O assunto literário da semana passada foi a lista dos 100 melhores livros do século XXI, publicada pelo The New York Times.
*Suspira fundo.*
Já começa que estamos em 2024. O século XXI ainda nem saiu da casa dos pais, se bobear nem um emprego decente conseguiu ainda, e já estamos fazendo lista de melhores? Vamos ter calma, pessoal.
Mas vocês lembram que em 2019, ou seja, há cinco anos, o The Guardian já tinha lançado uma lista dos 100 melhores livros do século XXI? Ah pois, teve isso sim.
E a questão que mais me pega com essas listas não é nem o fato de o século não ter nem um quarto de vida ainda, mas o critério de seleção. Porém, o que eu estava esperando de duas publicações voltadas para a classe média-alta, vinda de países anglófonos, no hemisfério norte, não é mesmo?
Os dois periódicos selecionaram livros publicados nos respectivos países (EUA para o New Yorker e Reino Unido para o The Guardian), ou seja, livros escritos já em inglês ou traduzidos para o idioma. Isso já deixa o critério bastante estreito, porque, por exemplo, a América Latina, que é prolífica e produz muita literatura, só aparece na lista do New Yorker com duas obras, ambas do Roberto Bolaño (que viveu mais na Espanha do que no Chile e ficou conhecido pela Europa). Confesso que fiquei até surpresa em ver traduções incluídas: a lista do Guardian contém 14 obras traduzidas, contra 13 do New Yorker.

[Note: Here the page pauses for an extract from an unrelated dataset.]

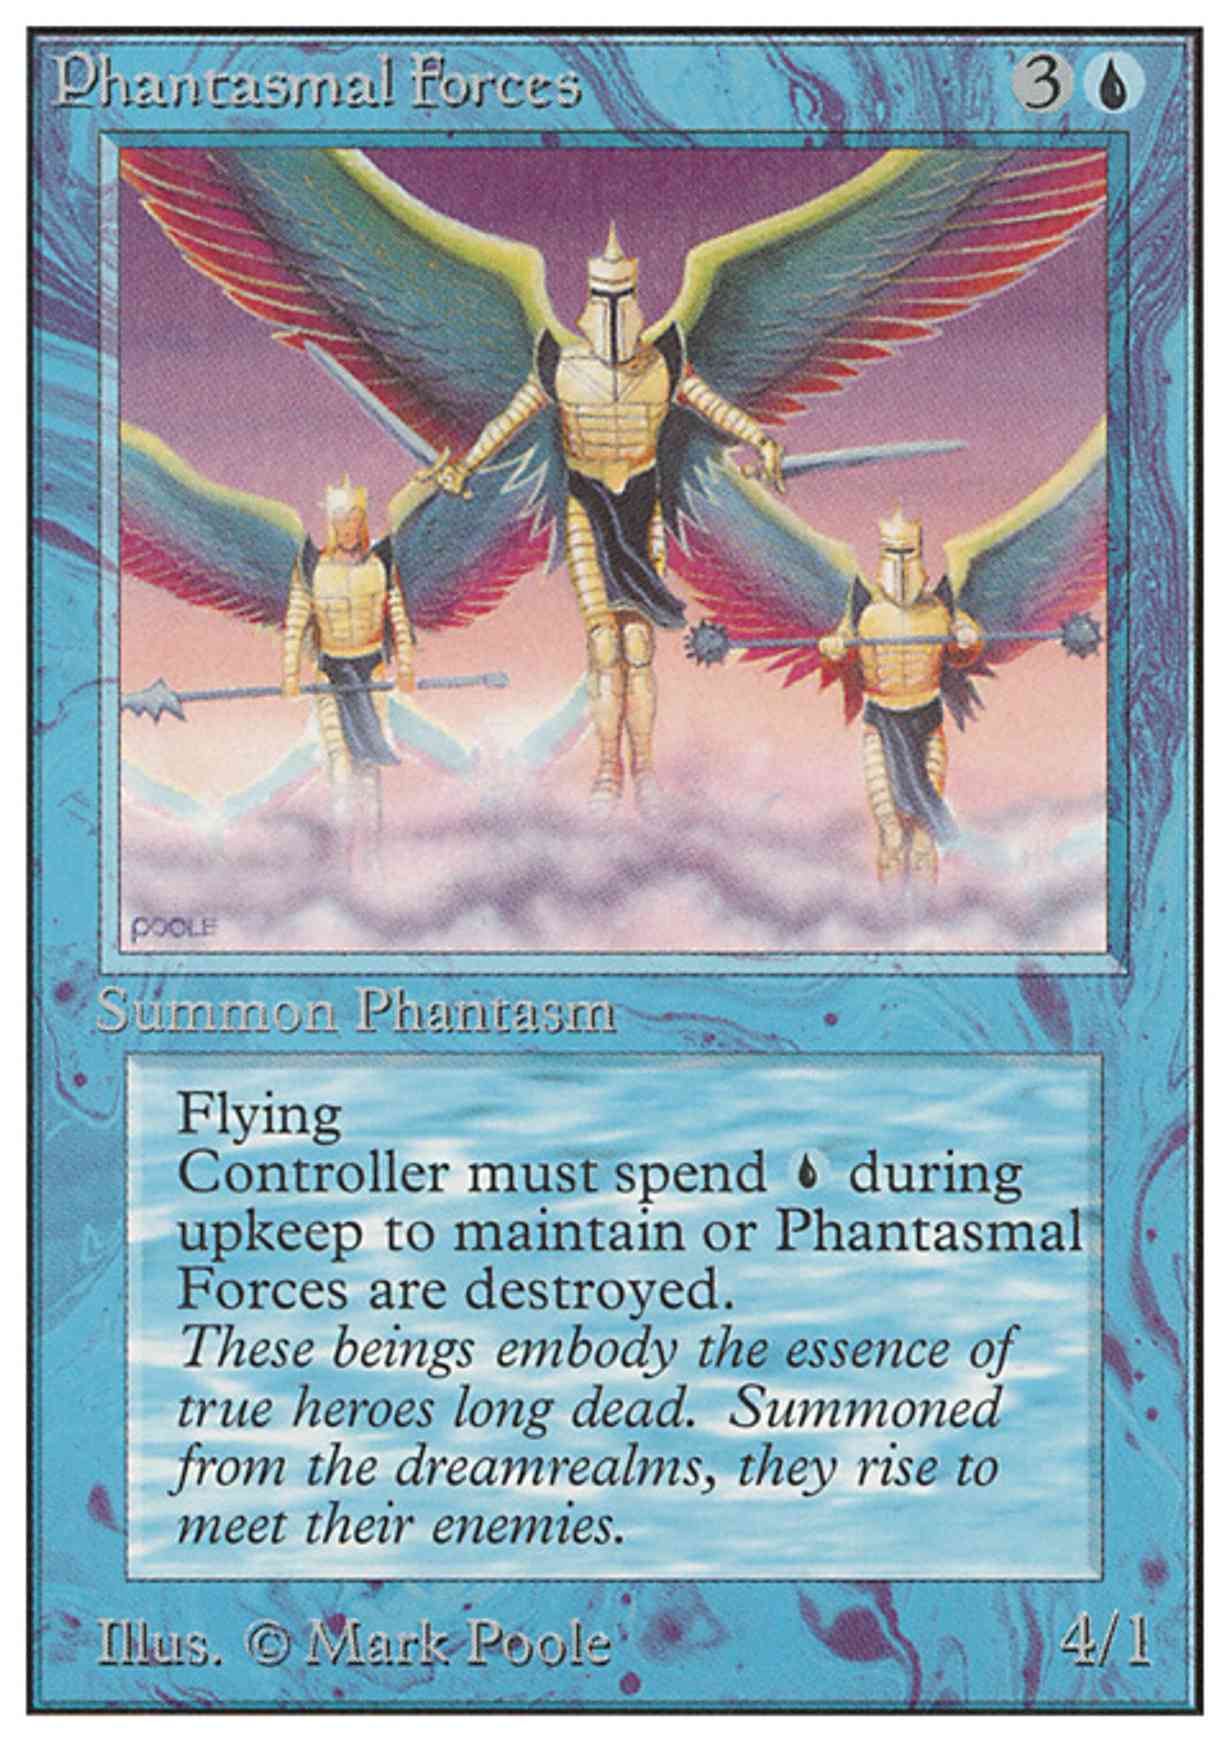 Phantasmal Forces magic card front

Outra surpresa para mim foi ver mais autoras mulheres nas duas listas: no The Guardian, 51 obras; 52 no New Yorker.
(E, para fins de curiosidade, eu li 12 livros da lista do New Yorker e 14 do Guardian.)
Agora que tirei os dados interessantes das duas listas, vou falar do que me incomoda. Todas essas listas, listas dos “melhores” filmes, dos melhores qualquer coisa que seja que venham do hemisfério norte sempre vão ter a visão limitada (me desculpem, mas é limitada) das pessoas que costumam consumir conteúdo apenas disponível em inglês. Pesquisando, e tendo vivido na Irlanda e nos EUA, falo com tranquilidade que a pessoa média tem preguiça e relutância em assistir conteúdo legendado. Escolhem livros da lista de best sellers, quando muito das indicações que antes vinham dos cadernos dos jornais e agora vêm de booktokers, que são toda uma outra questão, para outro dia, quem sabe.

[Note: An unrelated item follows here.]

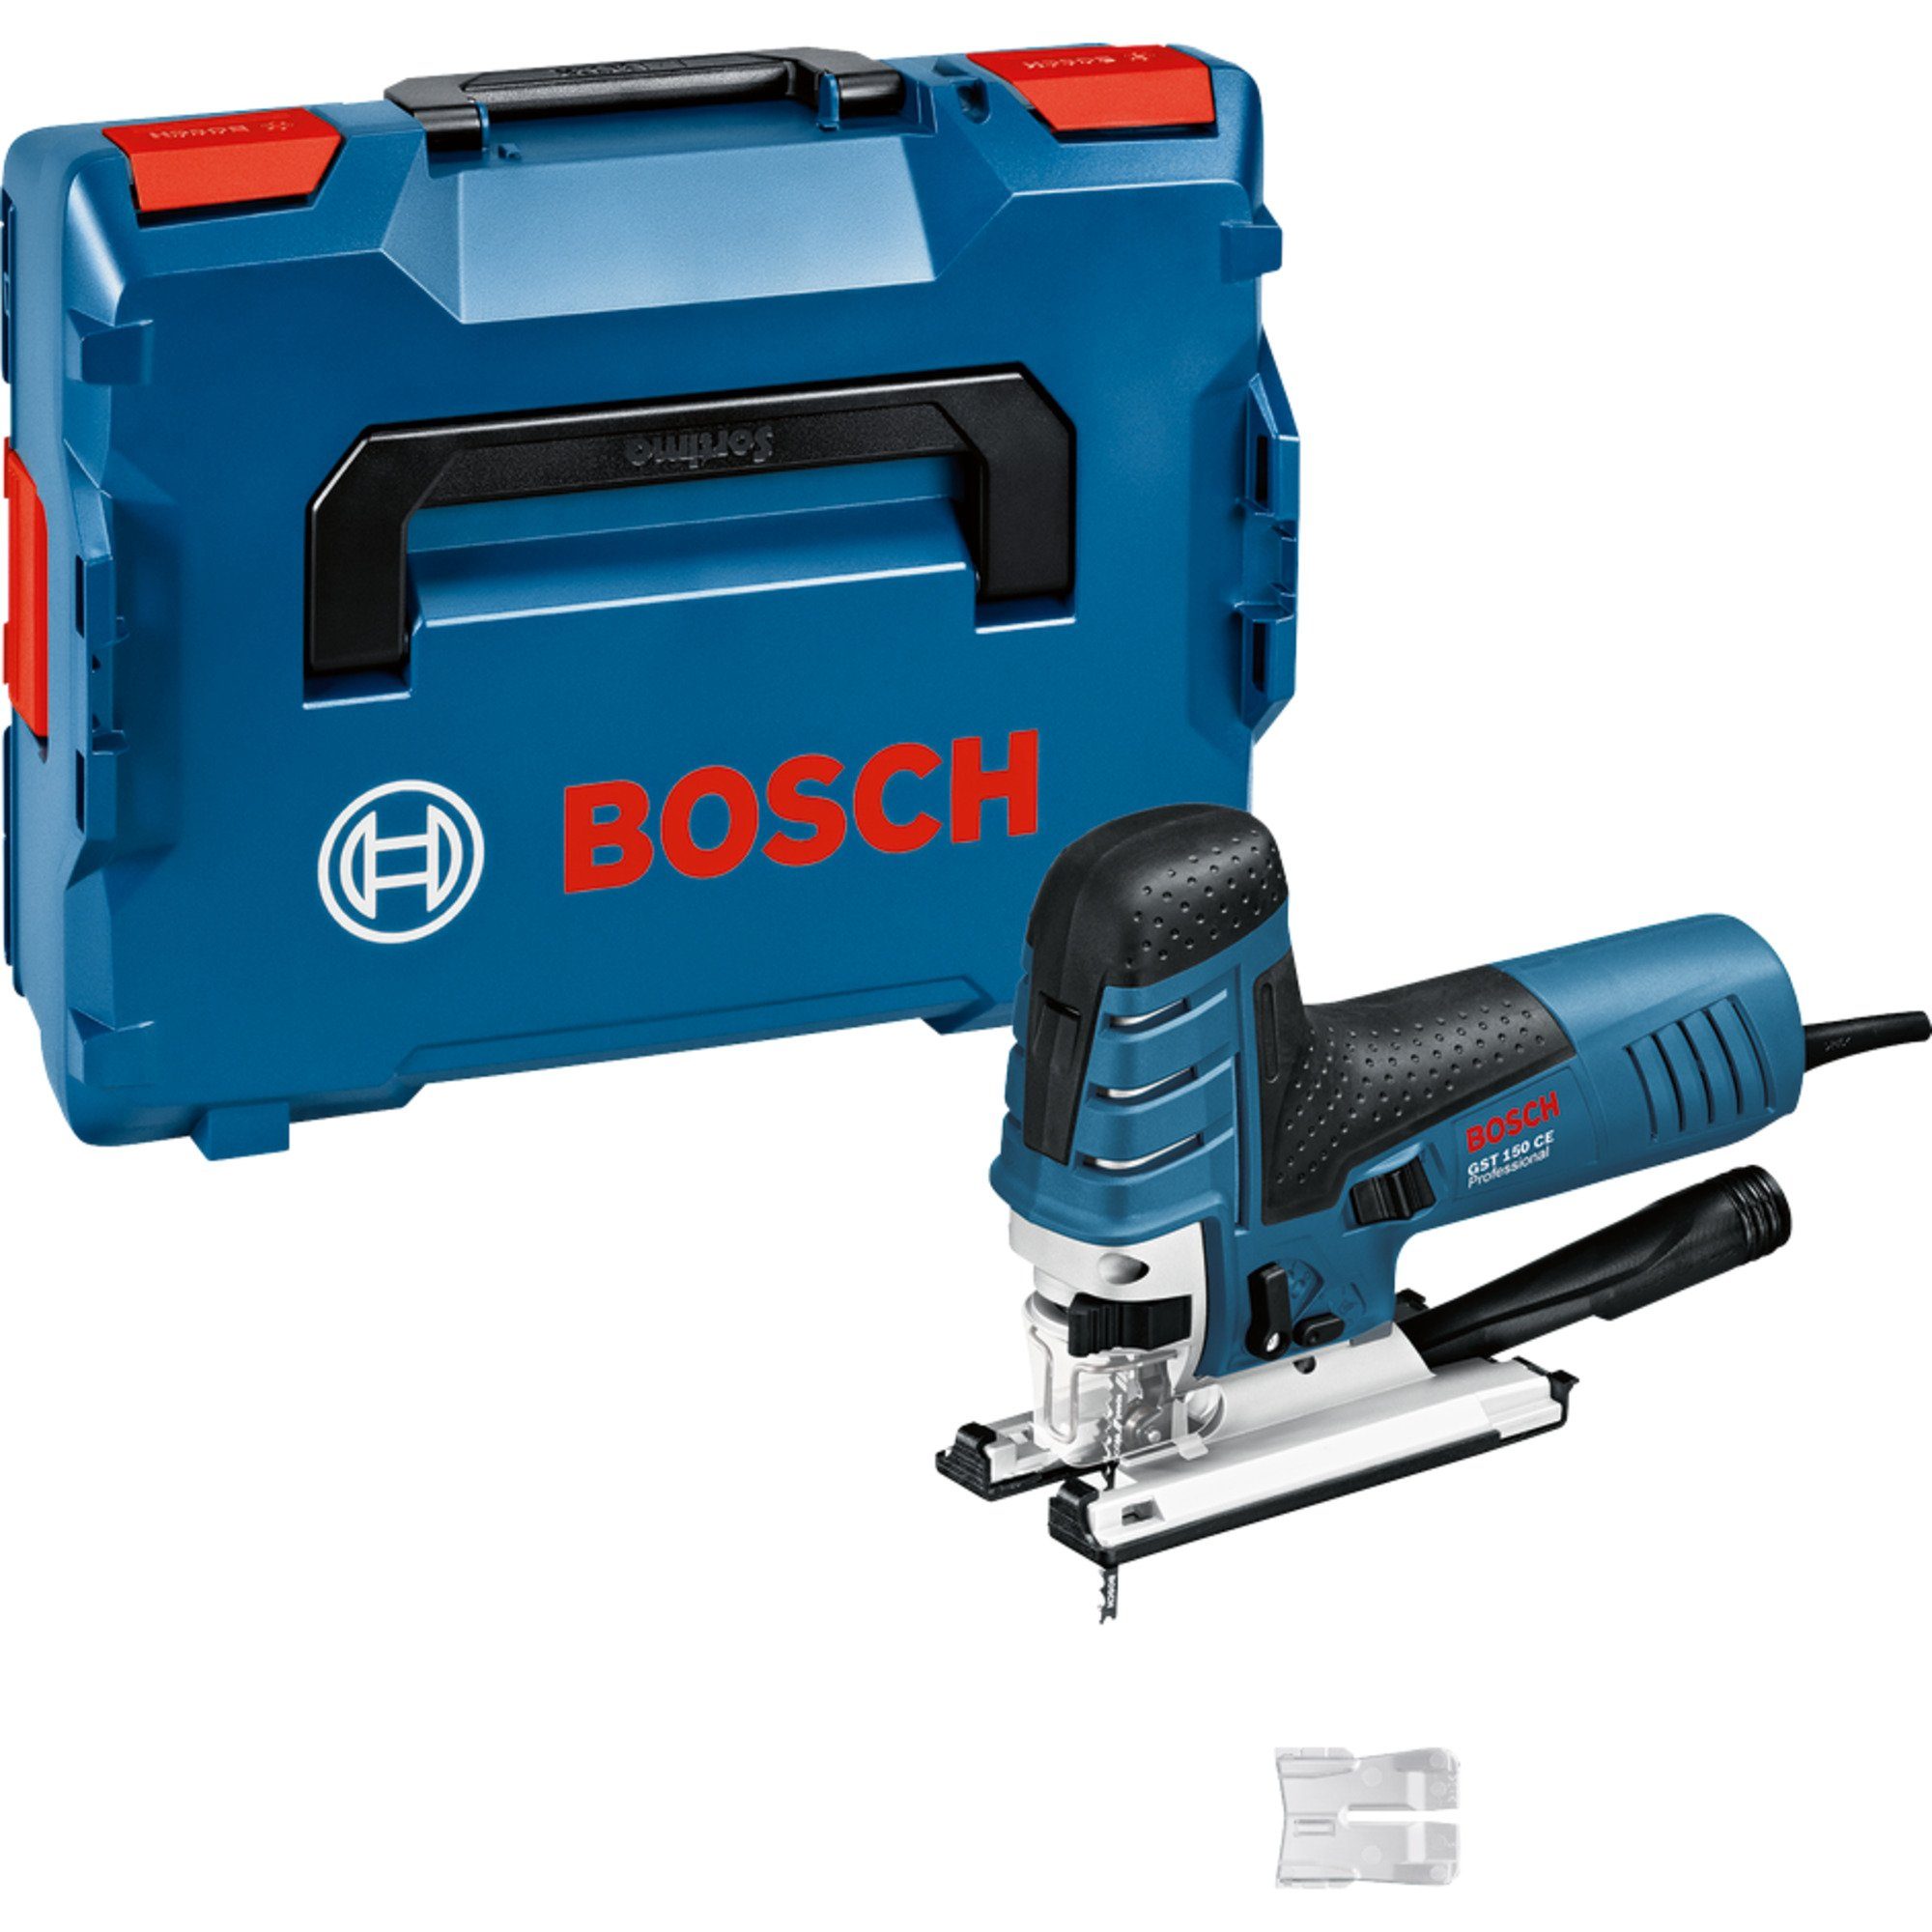 BOSCH Stichsäge Bosch Professional Stichsäge GST 150 CE

Embora eu adore uma lista e tenha ido correndo conferir o conteúdo e tenha diligentemente clicado nas caixinhas para saber quantos desses hypados eu já li, gosto de pensar que nós, leitoras interessadas em conhecer histórias do mundo, histórias além do nosso quintalzinho, não vamos nos deixar guiar por listas de jornal algum, por indicação a prêmios, por Oscar, ou seja, pelo olhar condicionado que quem não se abre, por escolha ou por falta de capacidade, a ver mais do mundo.
Nós temos o luxo de termos um mercado editorial bem estabelecido e engajado; temos traduções que se tornam referência no mundo todo; autoras que inspiraram alguns nomes presentes nas tais listas, então podemos ter acesso (claro que, infelizmente, dentro de condições econômicas limitantes) a uma fatia muito maior do mundo para ficarmos limitadas a indicações vindas de quem continua só olhando para o próprio umbigo.
Sempre que me deparo com um melhor, melhores, pergunto: melhor para quem? Nesse caso, para o mercado editorial anglófono né!
Adorei a crítica. Eu tenho uma revista da Bravo de cerca de 2010 que lista os 100 melhores contos da literatura mundial ever. É uma lista interessante, cheia de clássicos, mas longe de ser representativa pelos parâmetros de hoje. Apesar disso, guardo a revista até hoje como estímulo pra ler esses contos. Acho que o problema dessas listas é que sempre vão der enviesadas, então é só aceitar com um pouquinho de sal (nunca sei a expressão correspondente em português pra essa expressão).